Cleanup feature branches:

git branch -d feature/feat1
git branch -d feature/feat2

Marketplace Git Workflow

1. Fork demisto/content on GitHub
2. Clone fork locally
3. Create feature branch from master
4. Develop pack in

   Packs/<PackName>/

   (code + tests + docs together)
5. Run full validation suite
6. Commit and push to fork
7. Open PR against demisto/content
8. Address reviewer feedback (bump version 0.0.1 per review cycle)
9. Do NOT build zip -- marketplace CI handles it

Local Git Workflow

1. Work in private repository (content-ci-cd-template or content fork)
2. Create feature branch for EACH feature
3. Develop + test + lint + validate + update docs on each branch
4. Merge all feature branches to main when validated
5. Tag release on main
6. Build zip ONLY after tagging
7. Deploy zip to XSOAR instance

Phase 7: Build and Deploy

CRITICAL: Zip is ONLY Built After a Git Tag

DO NOT build a zip pack from a feature branch or untagged main. The build process is:

1. All features merged to main

2. demisto-sdk validate

   passes on main
3. Git tag created (e.g.,

   v1.0.0

   )
4. THEN build the zip

If the user asks to build a zip and there is no tag, ask: "Should I tag this release first?"

Build Zip Pack

ALWAYS use demisto-sdk zip-packs (not regular zip). Output filename MUST include the version:

# Verify we are on a tagged commit
git describe --exact-match --tags HEAD || echo "WARNING: HEAD is not tagged! Tag first."

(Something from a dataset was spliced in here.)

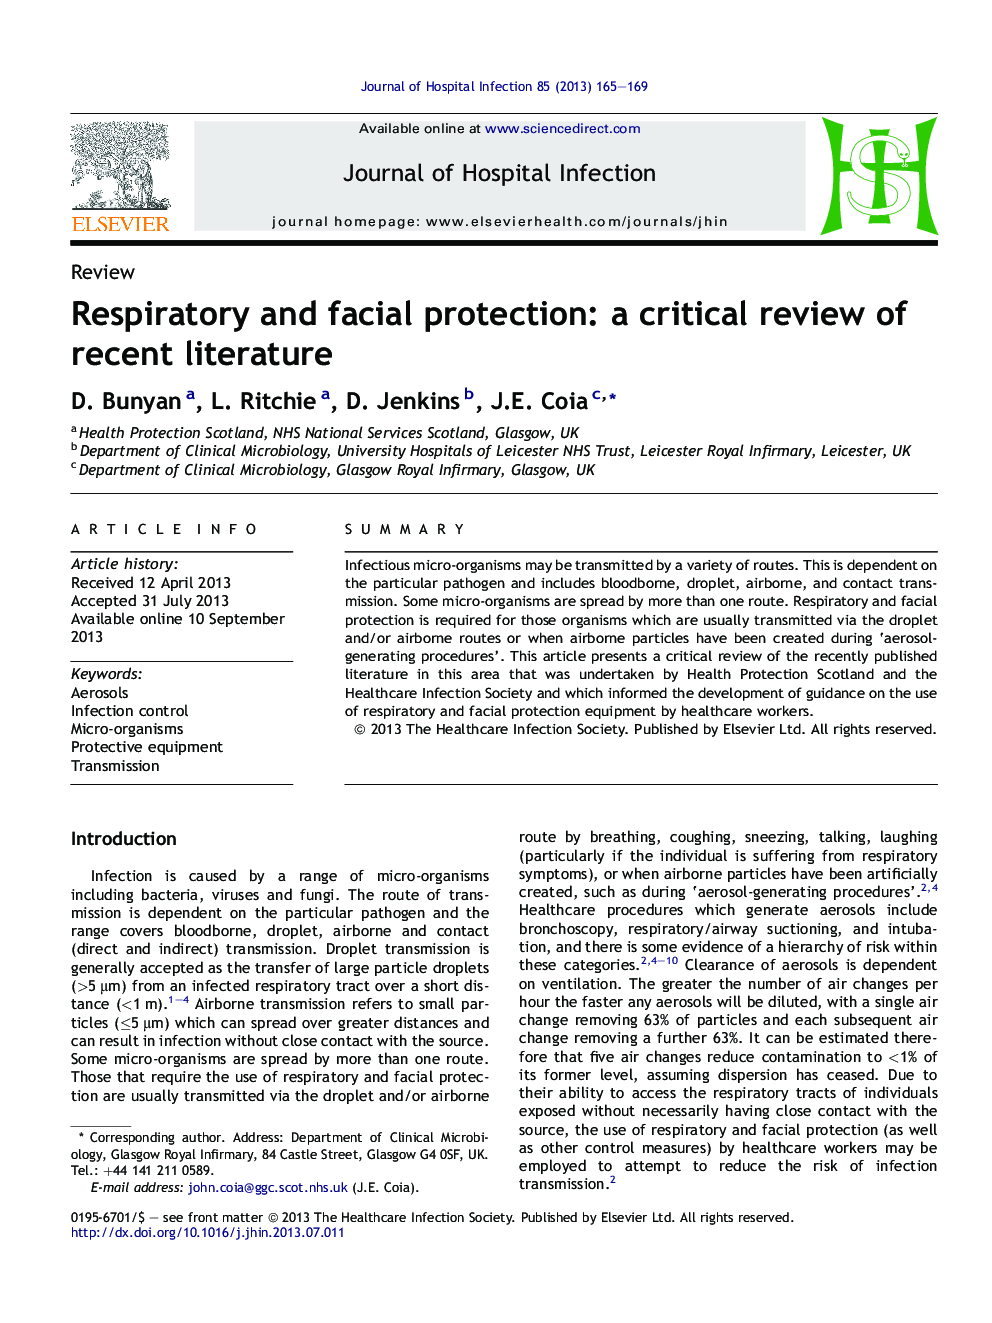 Respiratory and facial protection: a critical review of recent literature

# Get version from pack_metadata.json
VERSION=$(python3 -c "import json; print(json.load(open('Packs/<PackName>/pack_metadata.json'))['currentVersion'])")

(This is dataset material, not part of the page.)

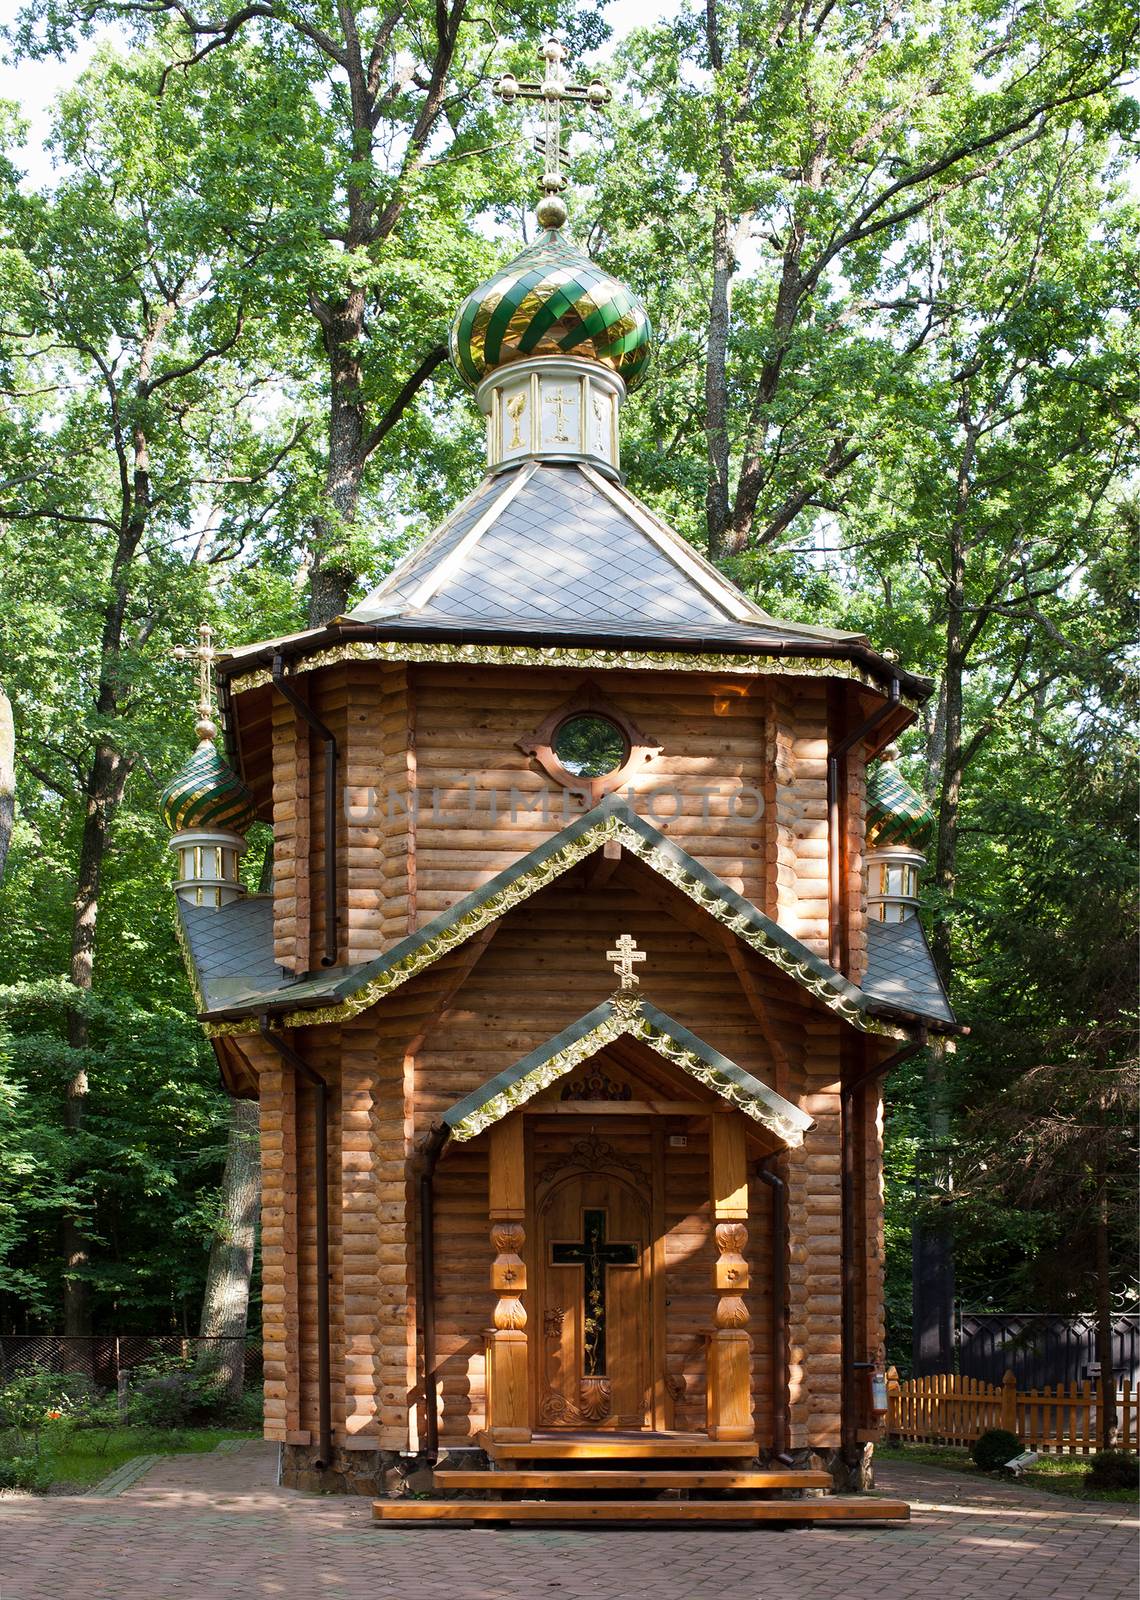 General view of a two-story log house of prayer in the woods

# Handle Lists bug workaround
if [ -d "Packs/<PackName>/Lists" ]; then
    mv Packs/<PackName>/Lists Packs/<PackName>/Lists.bak
fi

demisto-sdk zip-packs -i Packs/<PackName> -o <PackName>_build

# Restore Lists
if [ -d "Packs/<PackName>/Lists.bak" ]; then
    mv Packs/<PackName>/Lists.bak Packs/<PackName>/Lists
fi

# MUST rename with version in filename
cp <PackName>_build/uploadable_packs/<PackName>.zip <PackName>-${VERSION}.zip

# Clean up build directory (do NOT commit it)
rm -rf <PackName>_build

echo "Built: <PackName>-${VERSION}.zip"

Zip filename format:

<PackName>-<version>.zip

MyIntegration-1.0.0.zip

/var/www/packs/

MANDATORY: Post-Build Deployment Prompt

After EVERY zip build, ALWAYS ask the user these questions (do NOT skip):

1. "Should I upload this pack to your XSOAR instance?"
2. "Should I create/update an integration instance and test it?"

Only proceed with deployment if the user confirms. If the user says yes, use the appropriate deployment method below.

Deploy to XSOAR Instance

ALWAYS use

demisto-sdk upload

Primary Method: demisto-sdk upload (ALWAYS USE THIS)

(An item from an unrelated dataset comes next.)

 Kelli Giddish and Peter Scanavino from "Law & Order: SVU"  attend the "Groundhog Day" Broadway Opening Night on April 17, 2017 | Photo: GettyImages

# Set env vars (check CLAUDE.md or ask user for values)
export DEMISTO_BASE_URL=<url>
export DEMISTO_API_KEY=<key>

# Upload the pack directly (uploads source, not zip)
demisto-sdk upload -i Packs/<PackName> --insecure

# OR upload a built zip file
demisto-sdk upload -i <PackName>-<version>.zip --insecure

CRITICAL: This is the ONLY recommended method for uploading packs. It handles unification, signature issues, and content validation automatically.

Alternative: Upload via demisto-client (Python API) -- ONLY if demisto-sdk upload fails

import demisto_client

# Configure client (see XSOAR API Reference for auth differences)
api_instance = demisto_client.configure(
    base_url="https://<xsoar-url>",
    api_key="<api-key>",
    verify_ssl=False
)

# Upload pack zip file
with open('<PackName>-<version>.zip', 'rb') as f:
    zip_content = f.read()

response, status, _ = demisto_client.generic_request_func(
    self=api_instance,
    method="POST",
    path="/contentpacks/installed/upload",
    body=zip_content,
    content_type="application/zip",
    response_type="object"
)
print(f"Upload status: {status}")

Method 3: Create Integration Instance via demisto-client

After uploading a pack, create and test an integration instance:

import demisto_client

api_instance = demisto_client.configure(
    base_url="https://<xsoar-url>",
    api_key="<api-key>",
    verify_ssl=False
)

# 1. Search for the integration to get its full configuration schema
response, status, _ = demisto_client.generic_request_func(
    self=api_instance,
    method="POST",
    path="/settings/integration/search",
    body={"query": "<IntegrationName>"},
    response_type="object"
)

# 2. Get the integration configuration from search results
integrations = response.get("configurations", [])
integration_config = None
for config in integrations:
    if config.get("display") == "<Integration Display Name>":
        integration_config = config
        break

# 3. Build the instance payload
# CRITICAL: Instance structure is DIFFERENT from integration definition structure
# - "enabled" must be string "true", not boolean
# - "version" must be 0 for new instances
# - "configuration" is a NESTED OBJECT (integration reference), NOT the params array
# - "data" is the params array (from search response's "configuration" array)
# - "configvalues" is a simple dict of param_name -> value
# - "configtypes" is a simple dict of param_name -> type_int

# The search response has "configuration" as an ARRAY of param defs.
# For the instance PUT, those param defs go into "data" (not "configuration")
config_params = integration_config.get("configuration", [])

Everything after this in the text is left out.